____ Input for this task

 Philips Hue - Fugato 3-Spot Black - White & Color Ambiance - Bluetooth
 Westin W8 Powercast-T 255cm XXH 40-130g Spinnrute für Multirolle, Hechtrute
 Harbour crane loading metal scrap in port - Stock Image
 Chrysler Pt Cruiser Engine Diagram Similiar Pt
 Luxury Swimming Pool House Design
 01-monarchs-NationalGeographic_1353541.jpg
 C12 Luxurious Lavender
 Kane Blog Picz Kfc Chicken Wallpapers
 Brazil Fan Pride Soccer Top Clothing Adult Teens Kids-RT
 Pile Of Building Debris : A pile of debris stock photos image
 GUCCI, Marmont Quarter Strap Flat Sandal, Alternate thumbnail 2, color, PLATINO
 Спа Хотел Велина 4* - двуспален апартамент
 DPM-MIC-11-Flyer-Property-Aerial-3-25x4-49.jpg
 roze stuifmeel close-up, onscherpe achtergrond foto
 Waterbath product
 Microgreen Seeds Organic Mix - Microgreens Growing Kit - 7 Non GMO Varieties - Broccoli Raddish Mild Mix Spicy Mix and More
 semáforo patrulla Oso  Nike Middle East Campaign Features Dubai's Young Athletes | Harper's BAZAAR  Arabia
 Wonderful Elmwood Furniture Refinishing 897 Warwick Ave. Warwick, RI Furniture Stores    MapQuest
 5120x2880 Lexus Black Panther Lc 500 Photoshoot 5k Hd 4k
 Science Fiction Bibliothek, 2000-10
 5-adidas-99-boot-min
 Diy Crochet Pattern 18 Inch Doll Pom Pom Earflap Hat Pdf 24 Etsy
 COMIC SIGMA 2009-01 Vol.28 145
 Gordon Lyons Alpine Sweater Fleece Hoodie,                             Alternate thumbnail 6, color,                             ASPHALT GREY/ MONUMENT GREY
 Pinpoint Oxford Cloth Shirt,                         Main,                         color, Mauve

________

#### [The task]
Tally up the lines above containing "Alternate"; the number is the full answer.

#### [Written answer]
2